* [Data segment]
___

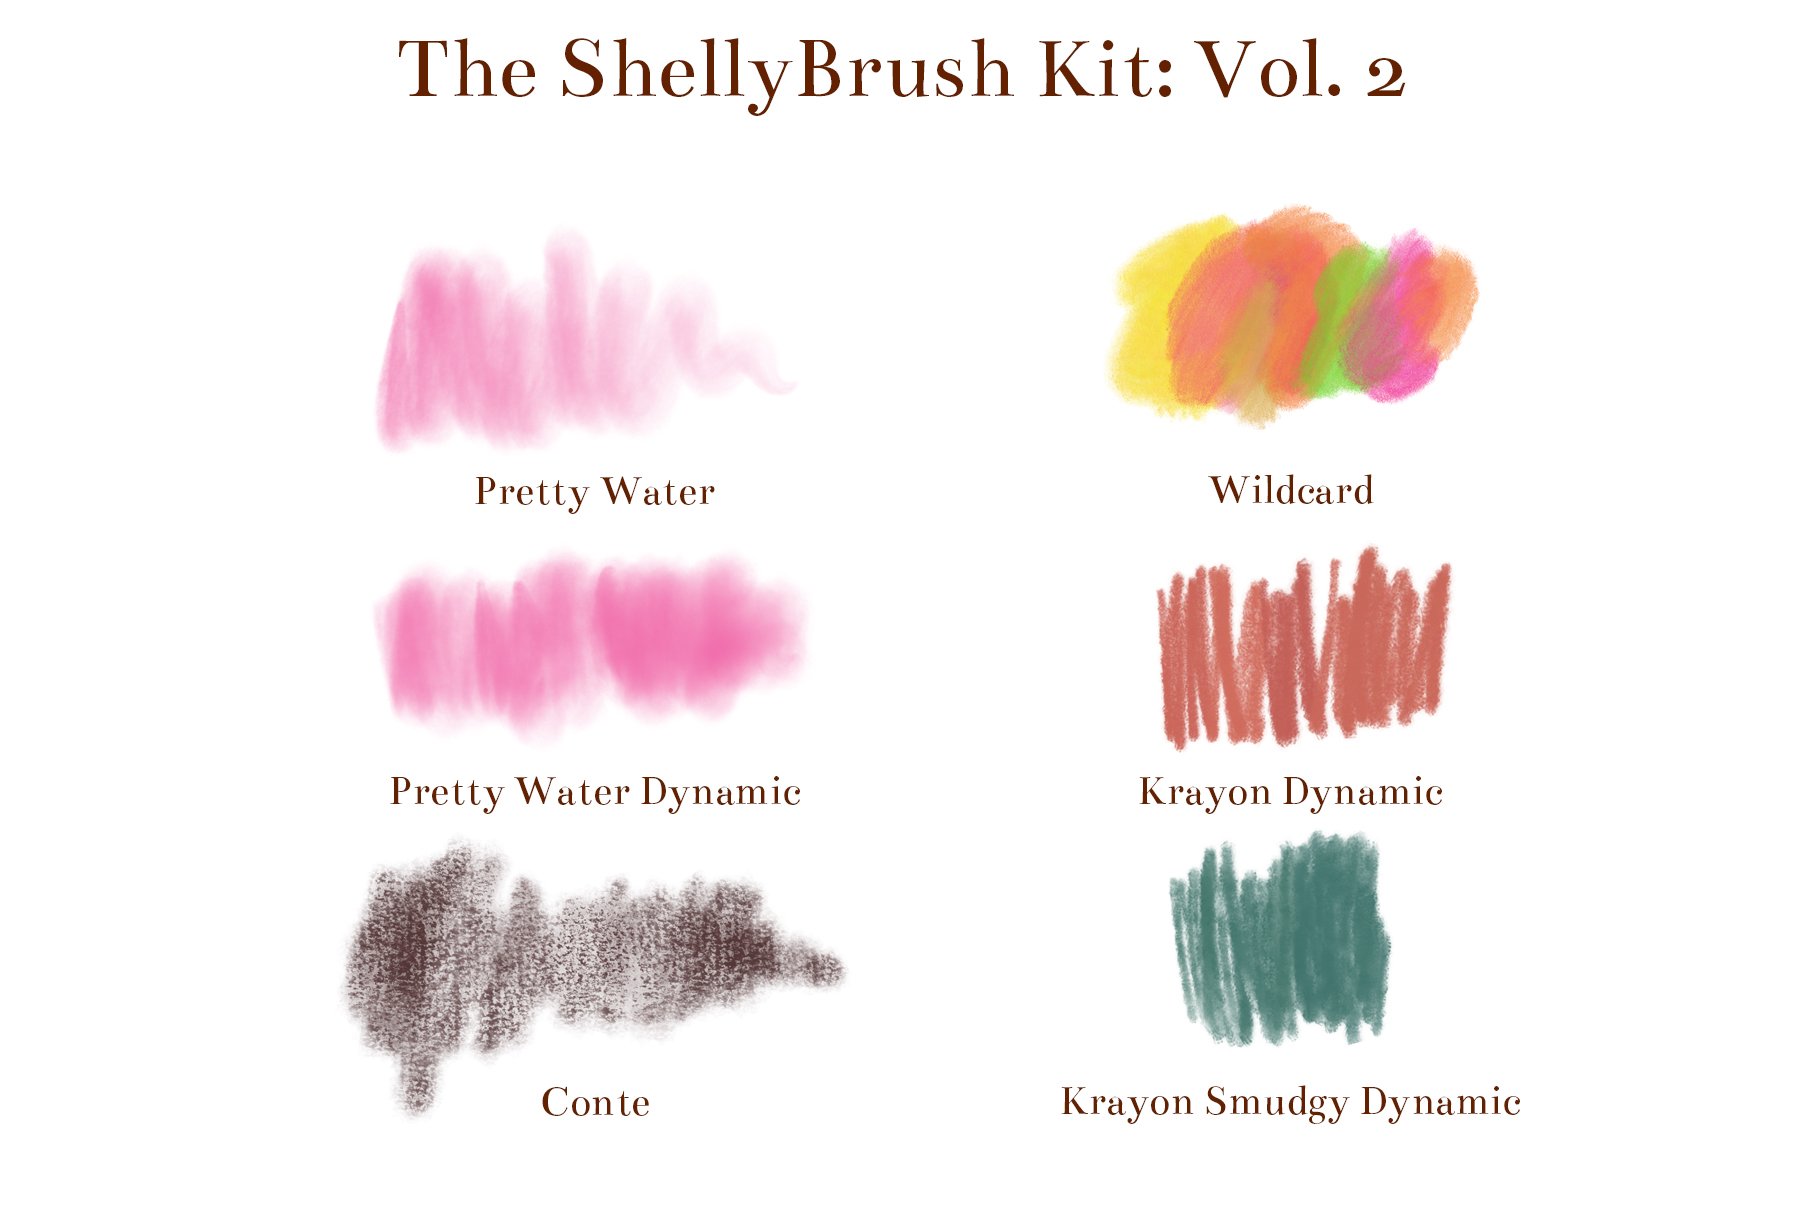 shellybrush kit vol 2 cheat sheet 2 145
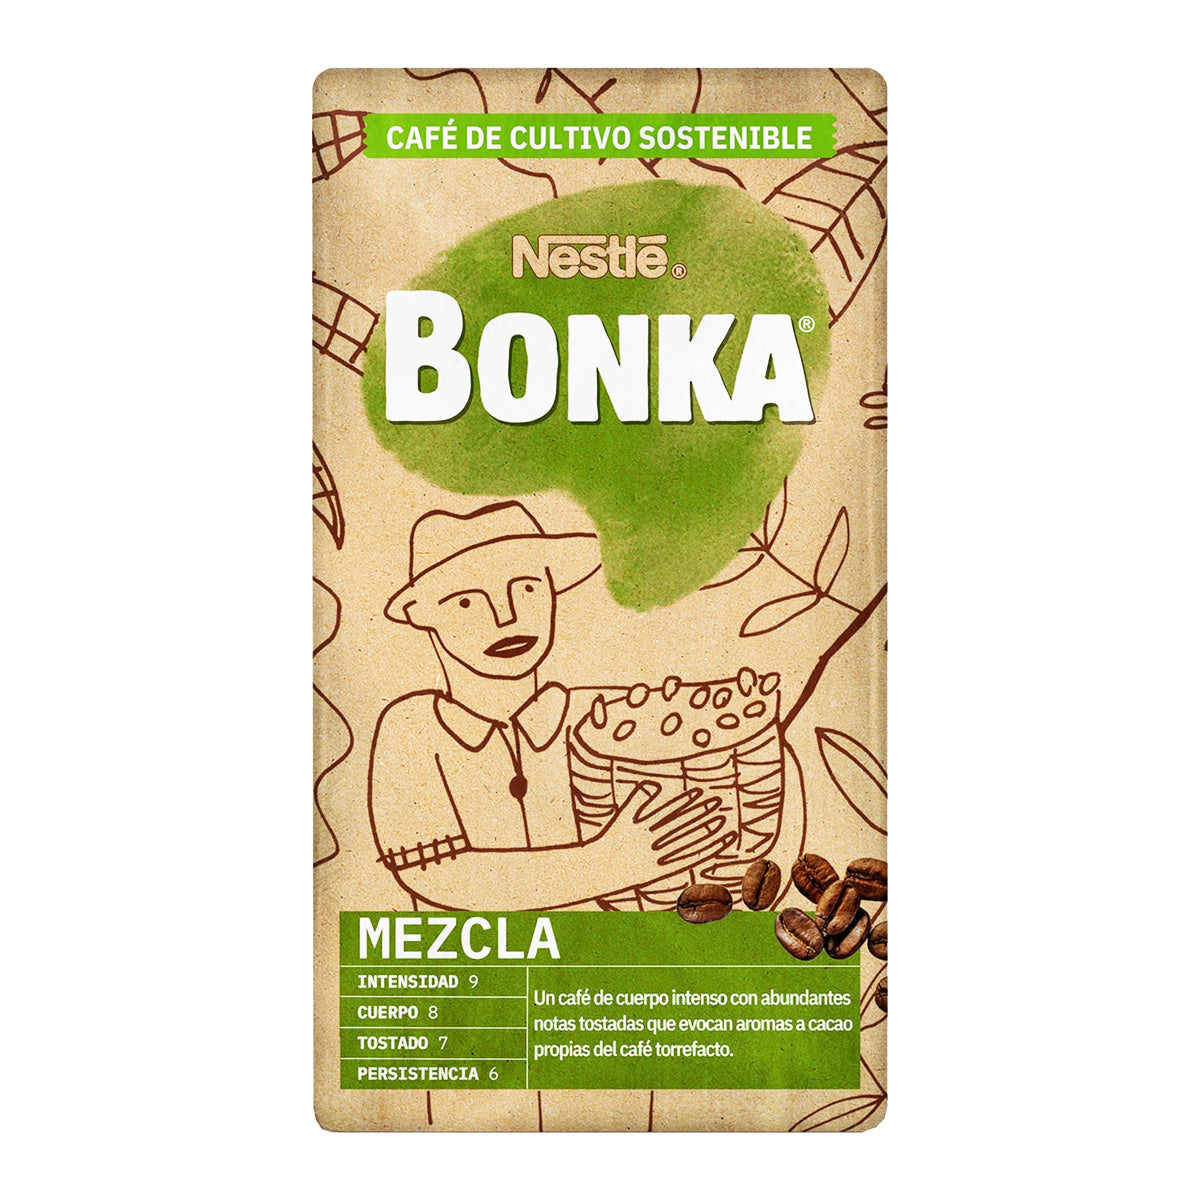 BONKA Café Molido Natural 250 Gr.
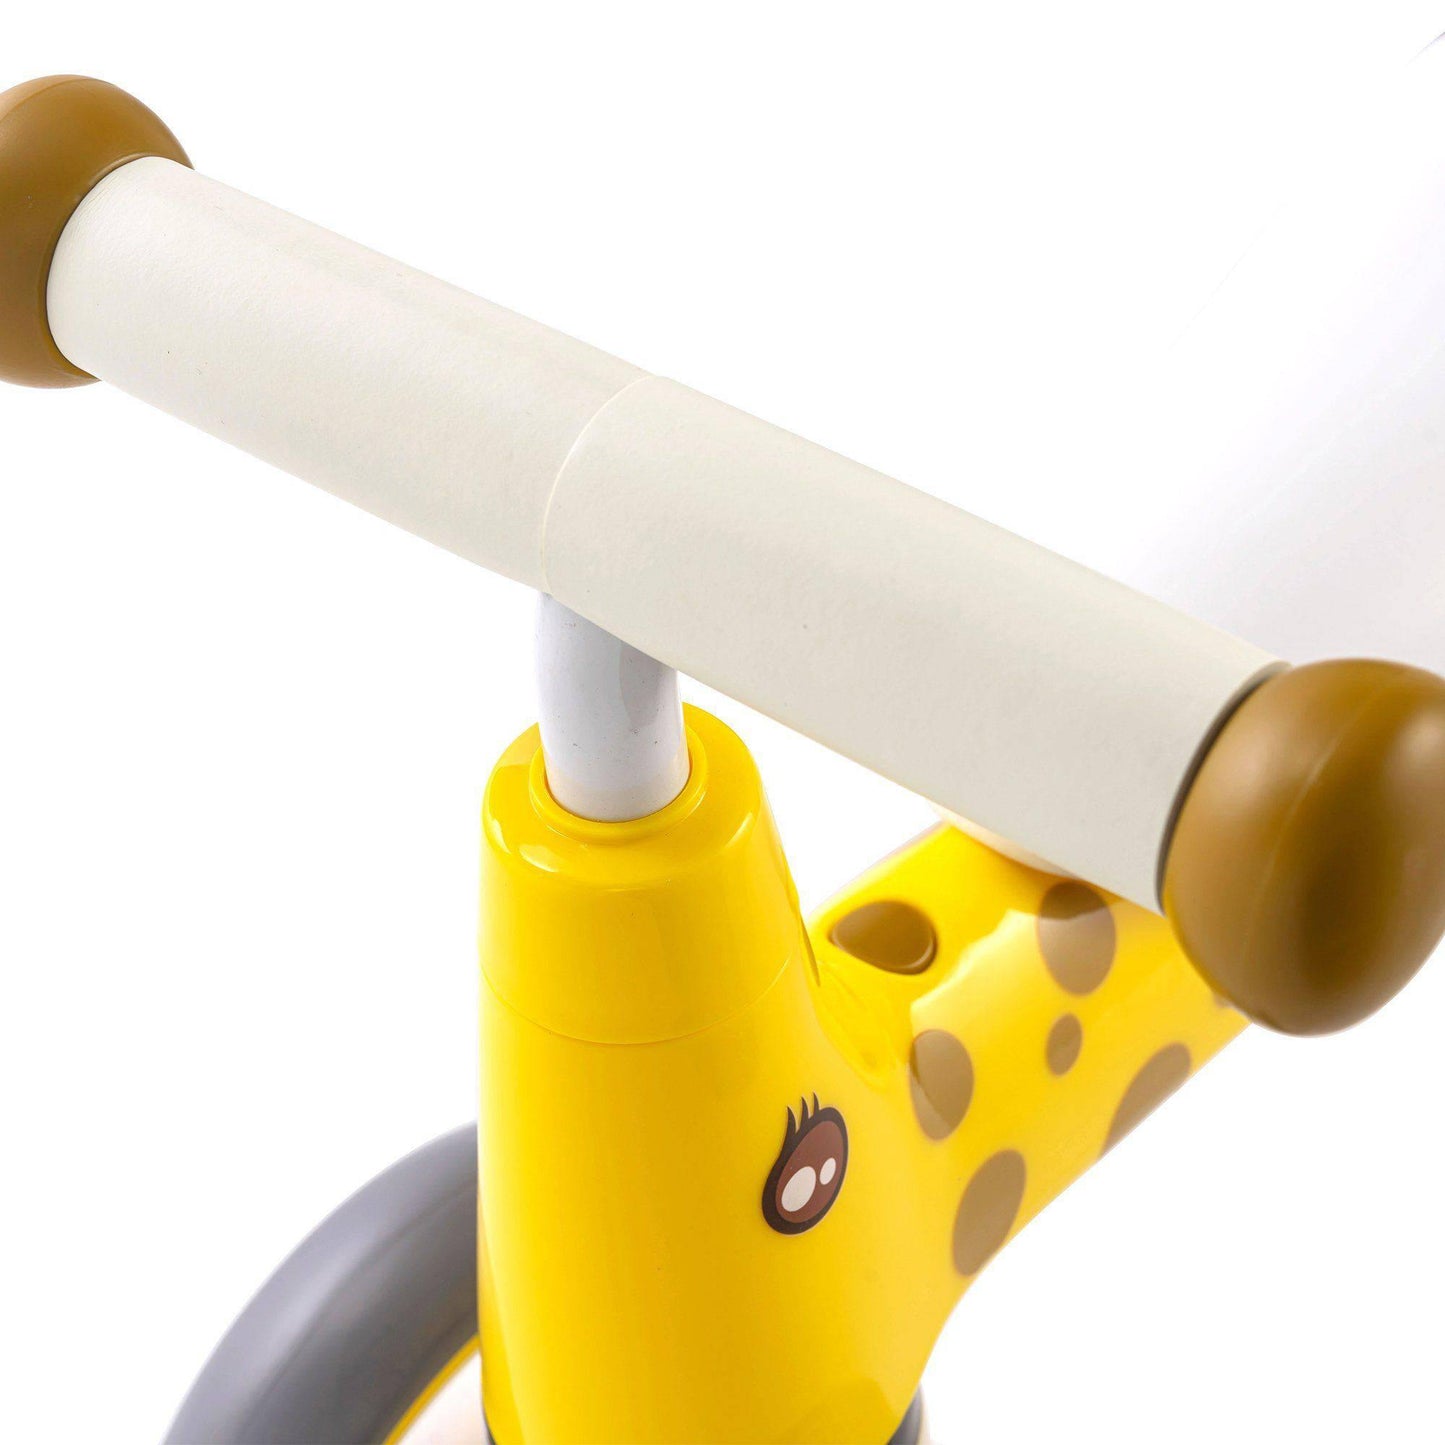 Freddo Toys 3 Wheel Balance Bike

___

* [Activity] All of the data should come back exactly as written, but without pictures.

* [Answer space]
 shellybrush kit vol 2 cheat sheet 2 145
 BONKA Café Molido Natural 250 Gr.
 Freddo Toys 3 Wheel Balance Bike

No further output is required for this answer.